Texas Assistant Solicitor General Lisa Bennett, who represents the PUC, told the judges that the PUC didn’t violate Texas law because the agency’s actions were merely “a direction to ERCOT, not rulemaking.” She argued that the law “provides wide discretion” for the PUC to make such decisions.
The PUC’s actions were “taken during an extreme emergency” and because of a flaw in the system, she said.
“We were at negative reserves, but the price was not going up,” Bennett told the judges.
Baker Botts appellate partner Macey Reasoner Stokes, who represents Calpine and Talen, contended that companies like Luminant are using the litigation to “improperly shift resulting market losses to other parties.”
“When the emergency passed, however, market participants assessed the financial outcomes of the complex actions they and others had taken in the market during the storm, and some suffered staggering losses,” Reasoner Stokes argued. “In hindsight, some market participants now blame the PUC for their losses and argue that the orders were illegal all along.”

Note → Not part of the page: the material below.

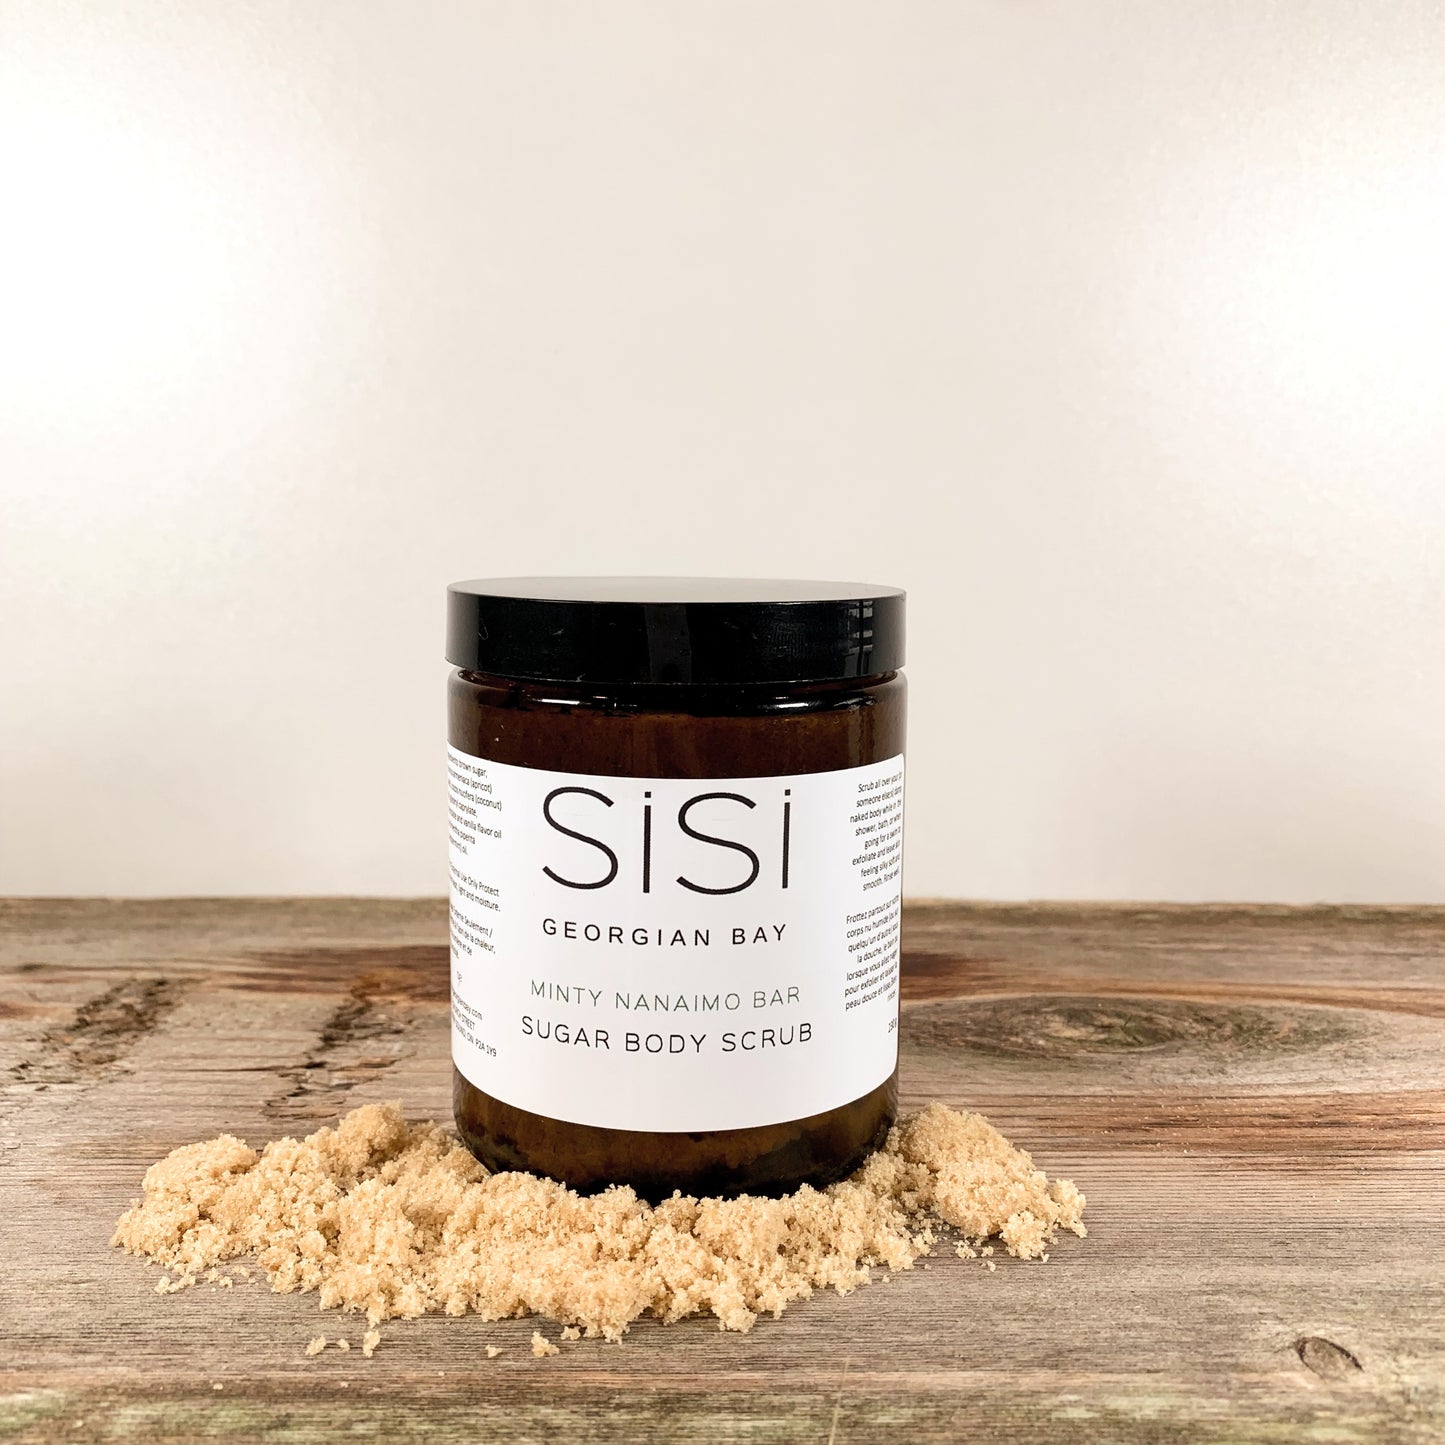 A jar of SiSi Georgian Bay Minty nanaimo bar sugar body scrub on a wooden counter with brown sugar around it

Dallas trial lawyer Chrysta Castañeda, who represents power generator DGSP2, told the judges during arguments that the PUC’s first rule was valid and that “the price of electricity was properly set at $9,000.”
Castañeda argued that the PUC’s second-day decision to repeal the retroactivity of the price change to $9,000 “gave zero reason – emergency or otherwise – to retract some of its rulemaking.” As a result, it should be declared invalid.
The case is Luminant Energy Company v. Public Utility Commission of Texas, No. 03-21-00098-CV.